秋风裹着凉意掠过庭院,易枫指尖摩挲着石桌边缘,方才谈及易军崛起时的轻缓,渐渐被一种沉郁的厚重取代。他抬眼看向邢焕,语气没有半分自夸,反而带着几分对逝者的敬重:“岳父说我有勇有谋,其实不然。易军能打硬仗,靠的从不是我一个人,是弟兄们心里对金人的恨——那恨意,是刻在骨头里的。”
邢焕握着茶杯的手微微一顿,眉头不自觉蹙起,等着他往下说。一旁的邢秉懿也坐直了身子,指尖轻轻攥着裙摆,她虽知易军抗金不易,却从未听过这般直白的血泪细节。
“我的士兵,十有八九都是从金人手里逃出来的百姓。”易枫的声音压得更低,像是怕惊扰了那些战死的亡魂,“有的人家,整个村子被金兵屠了,父母妻儿的尸体就堆在村口;有的兄弟,亲眼看着媳妇被金兵掳走,母亲为了护女儿,被一刀砍在脖子上;还有的少年,才十五六岁,家里的田被烧了,妹妹被糟蹋后投了河——他们来投易军,不是为了当官发财,是为了报仇,是想让金人也尝尝家破人亡的滋味。”
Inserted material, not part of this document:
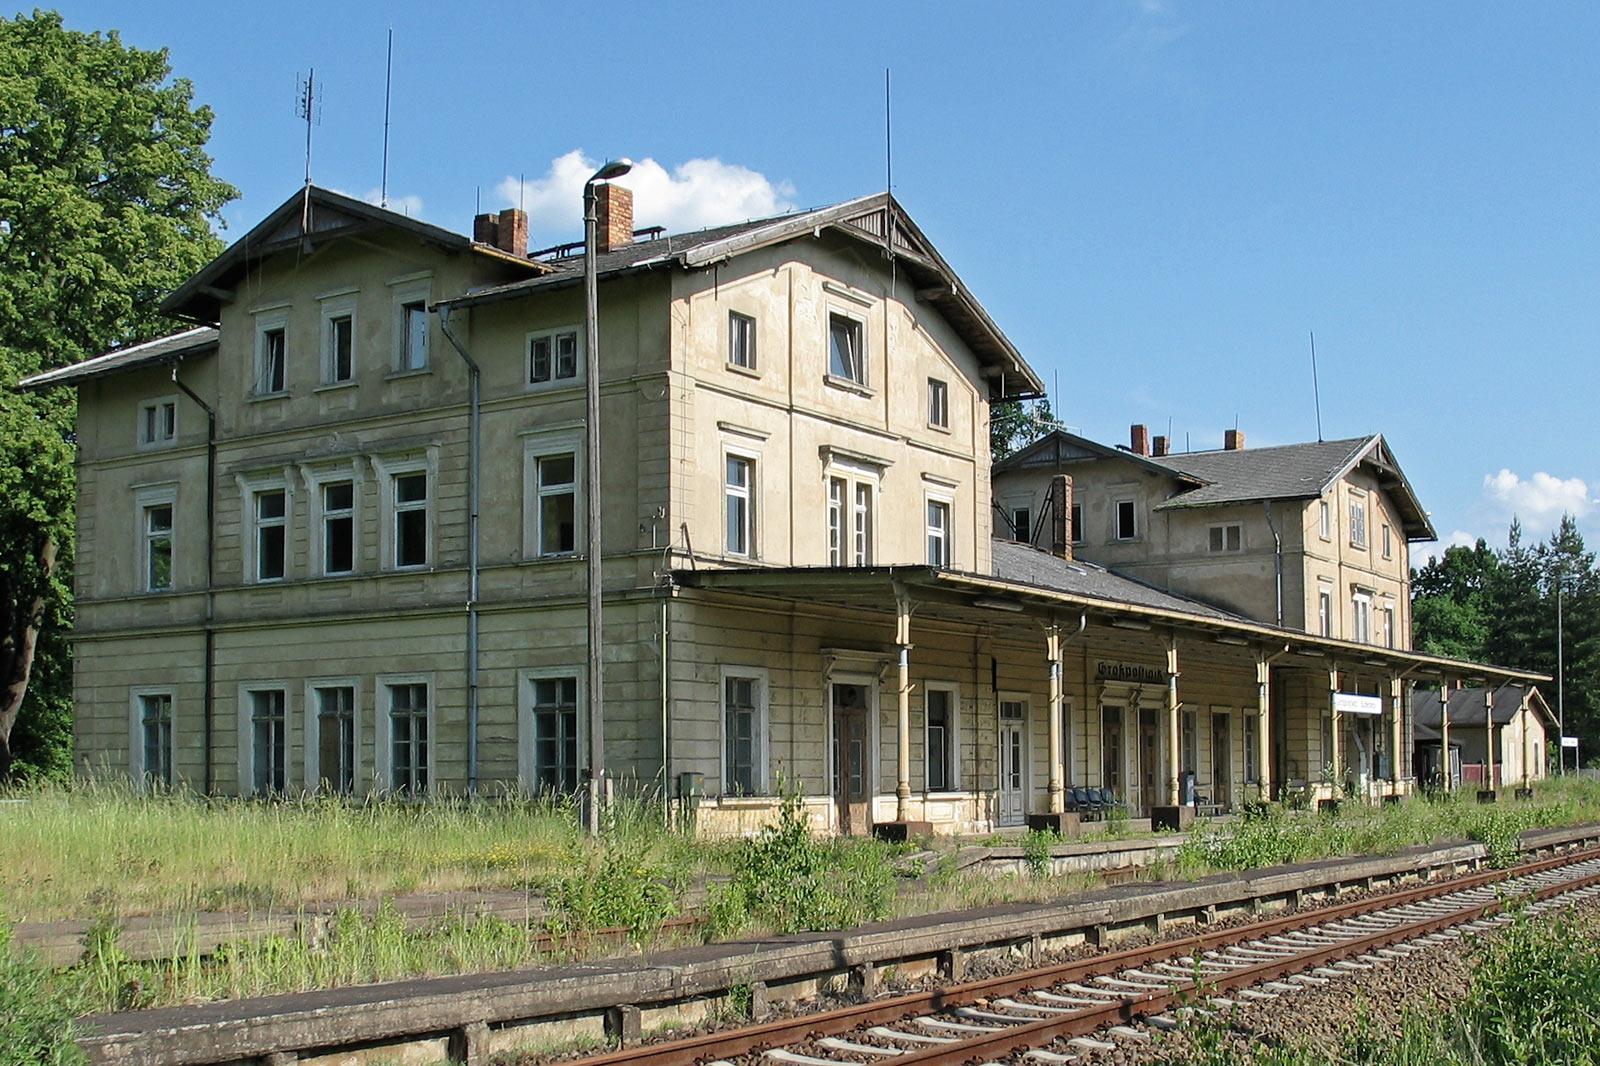 Großpostwitzi vald

“死了也要拉一个垫背的”,这句话从易枫口中说出时,没有半分激昂,却带着穿透人心的沉重。邢焕的呼吸猛地一滞,他虽在朝堂上听过无数次“金兵残暴”的奏报,可那些文字终究是冰冷的,远不及易枫此刻的讲述来得刺骨——那不是数字,是一个个活生生的人,是一段段血淋淋的过往。
“岳父是文官,没见过战场的厮杀。”易枫的目光飘向远处,像是又回到了那些硝烟弥漫的日子,“你不知道,易军跟金人冲锋的时候,弟兄们有多拼。有的兵,手被金人一刀砍断,只剩点皮肉连着,他不躲不逃,用另一只手抓起刀,往金人胸口捅;有的兵,肚子被划开,肠子都流出来了,他就用腰带勒紧肚子,咬着牙往前冲,直到把刀插进敌人喉咙才倒下。”
邢秉懿的眼眶瞬间红了,眼泪像断了线的珠子,顺着脸颊往下淌。她抬手捂住嘴,怕自己哭出声,可指尖的颤抖却藏不住——她想起自己在金国受的苦,更想起那些没来得及被救出的女子,想起易军士兵为了保护像她这样的人,付出了怎样惨烈的代价。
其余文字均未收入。